But those of Irish heritage (and others who proclaim to be Irish for a day) will find ways to celebrate, parade organizers say. 

Here’s what you can expect across the city in honor of the March 17 holiday.

South Side

“Just cause there’s no parade doesn’t mean you can’t celebrate,” said Tim McSweeney, chair of the South Side Irish Parade Committee.

This year, South Siders are launching a “Shamrock Our Blocks” house-decorating contest.

“The theme is celebrating the South Side Irish Parade and celebrating St. Patrick’s Day,” McSweeney said. “Use your imagination.”

McSweeney expects people to go all out like they did in recent months with their Halloween and Christmas decorations, and expects the event to draw onlookers.

“Certainly, folks will be getting in their cars and driving around the neighborhood looking for the best and the brightest Shamrock Our Blocks decorations,” he said.

Anyone can participate in the online contest. To enter, snap a photo of your handiwork and register it online by March 4. A $20 registration fee includes a yard sign announcing your participation.
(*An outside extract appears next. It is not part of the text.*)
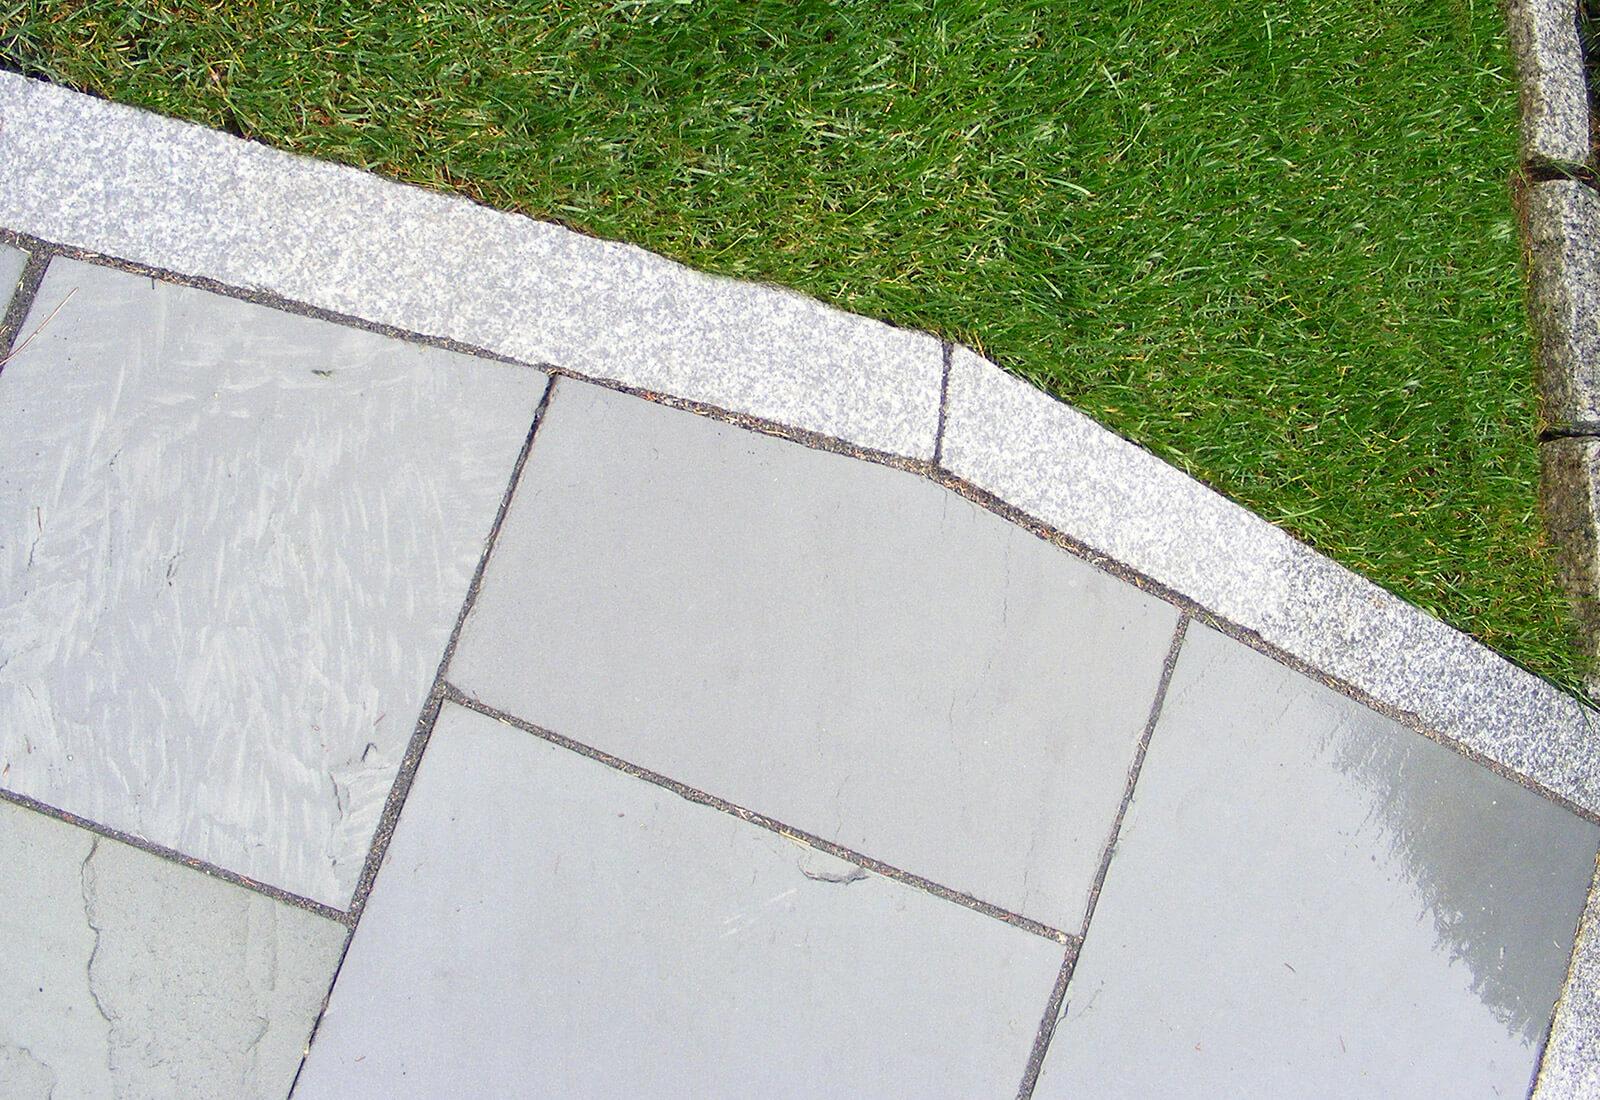 Garden &Driveway edging - Swenson Granite

Proceeds from the contest will support local businesses, McSweeney said.

“We all know people are hurting, families are hurting and we all know businesses are hurting tremendously,” McSweeney said. “This is our way to try and help.”
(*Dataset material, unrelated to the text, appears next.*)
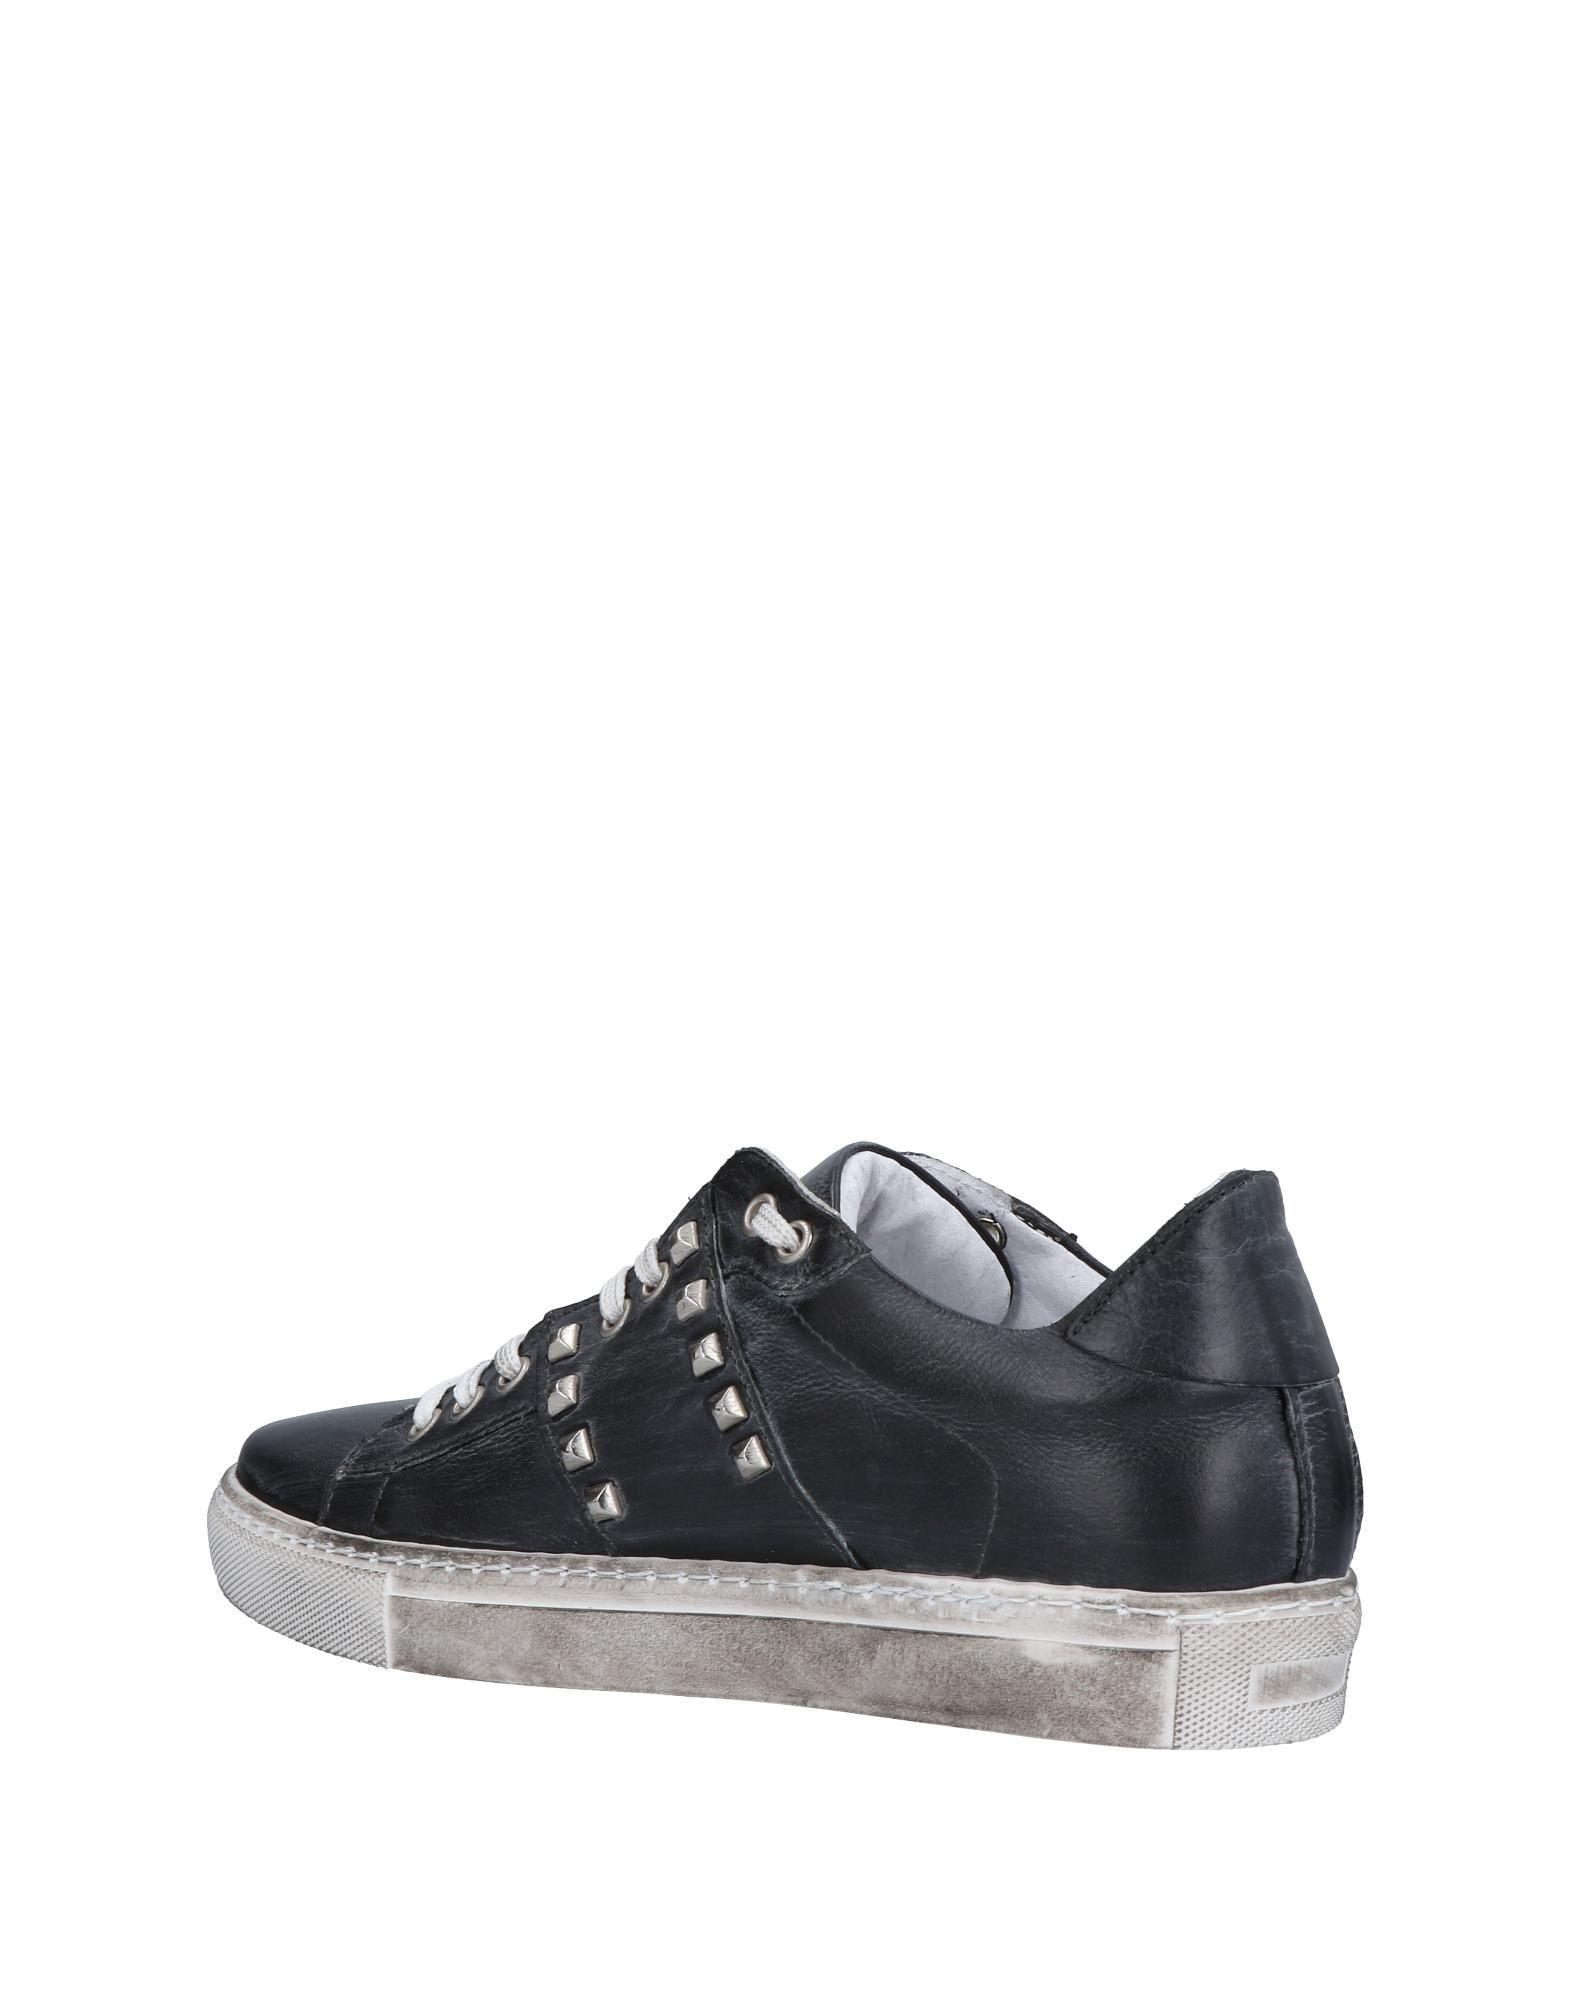 Riccianera Sneakers Damen   Damen 11487087AS  5ffa29

Don’t want to decorate but still want to support local businesses? Shamrock Our Blocks yard signs can be purchased for $20.

A panel of judges, including South Side Irish Parade Queen Bailey O’Connell, will choose winners based on entry photos. The top five will receive gift cards to local businesses, with the grand prize netting $1,000 in cash and $1,000 in gift cards. Winners will be announced March 13 on the South Side Irish Parade Facebook page.

Downtown

Organizers behind the Chicago St. Patrick’s Day Parade, which was scheduled for March 13, plan to host a virtual event. “Chicago St. Patrick’s Day Parade on Parade” will feature scenes from past parades and the annual dyeing of the Chicago River, according to Michele Scaccia-Coyne, the parade’s director of marketing.
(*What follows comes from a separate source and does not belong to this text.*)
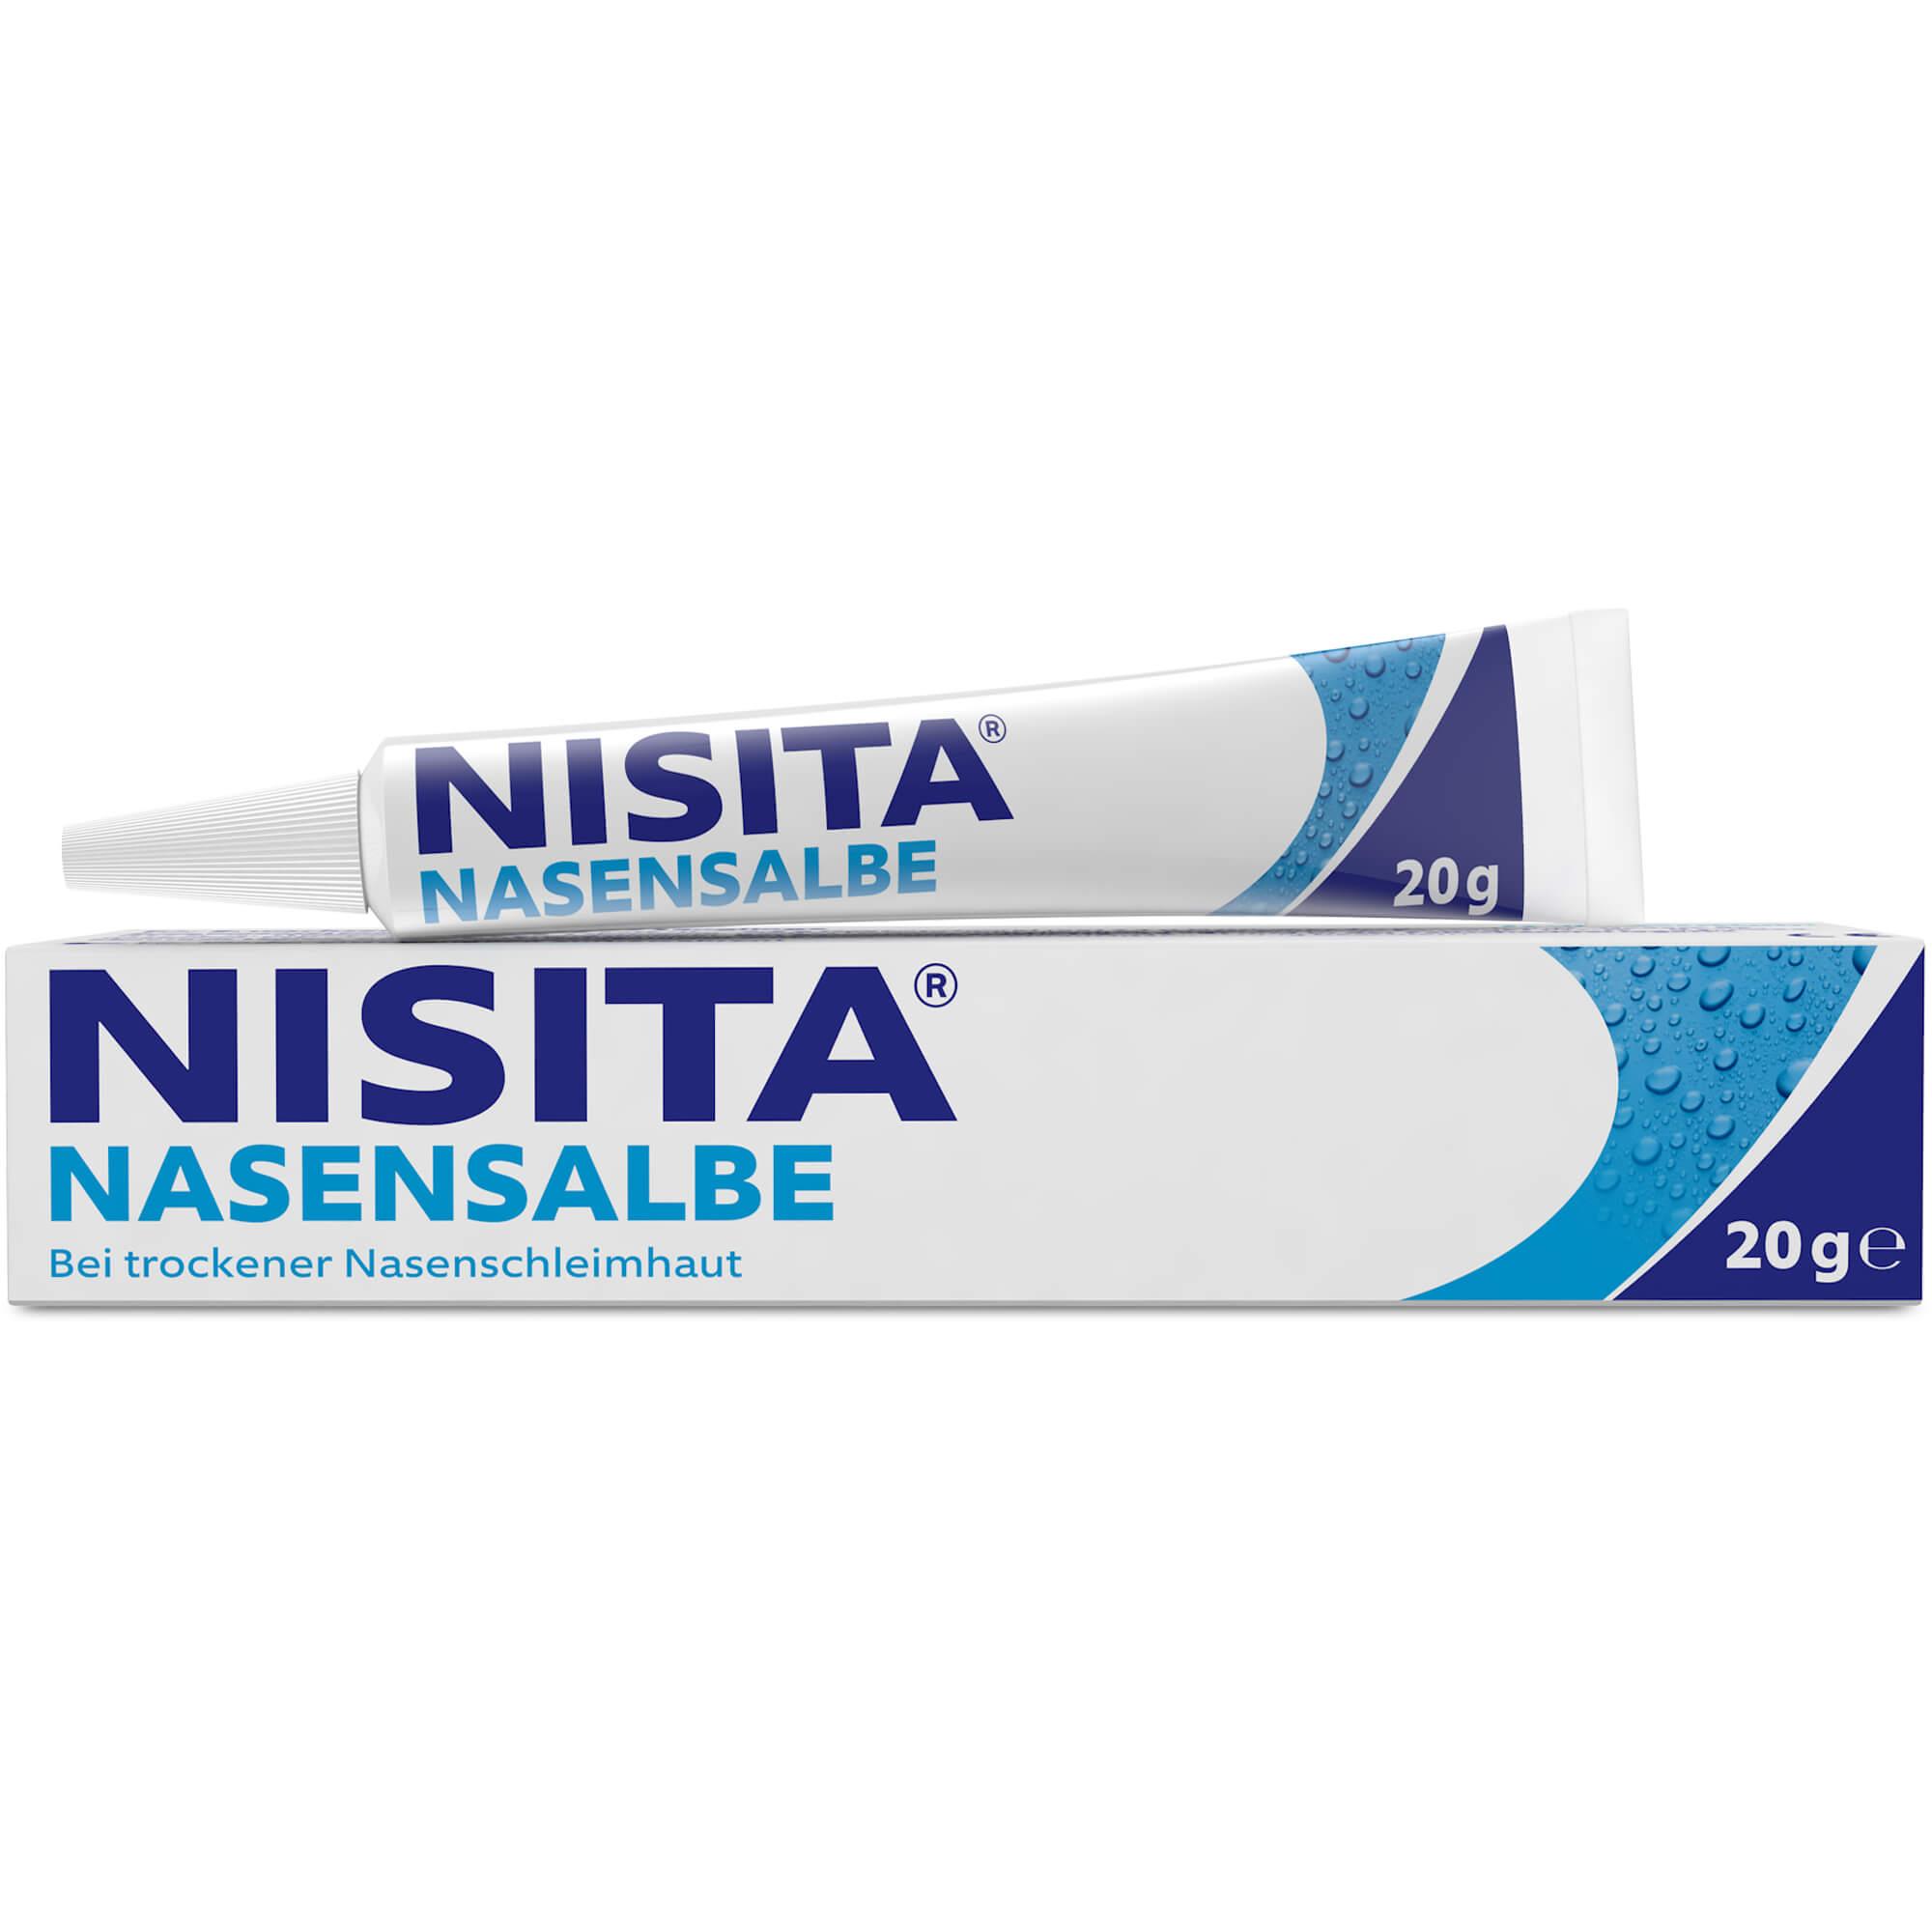 NISITA-Nasensalbe

Organizers are still finalizing plans for the virtual event and will post updates on their website.

The downtown parade and river dyeing are a decadeslong tradition in Chicago; 2020 would have marked their 65th anniversary. A documentary about the history of those events is scheduled to air on WTTW at 8 p.m. March 17 and explores the involvement of the Chicago Journeyman Plumbers Local 130 UA in the globally recognized celebration. It also dives into what it means to be Irish and what it takes to bring the parade to the streets, from crowning the queen to selecting the grand marshal. The documentary will also be streamed online March 13, according to Scaccia-Coyne, who says streaming details will be posted on the parade’s website by March 5.

Northwest Side

Plans for the Northwest Side Irish’s virtual celebration are still in development, according to Murray-Belcaster, and could include Irish dance performances. Organizers are talking with local businesses and neighborhood chambers of commerce about ways to support local shops that traditionally benefit from the foot traffic the parade brings to the area. Updates will be posted to the NWSI website.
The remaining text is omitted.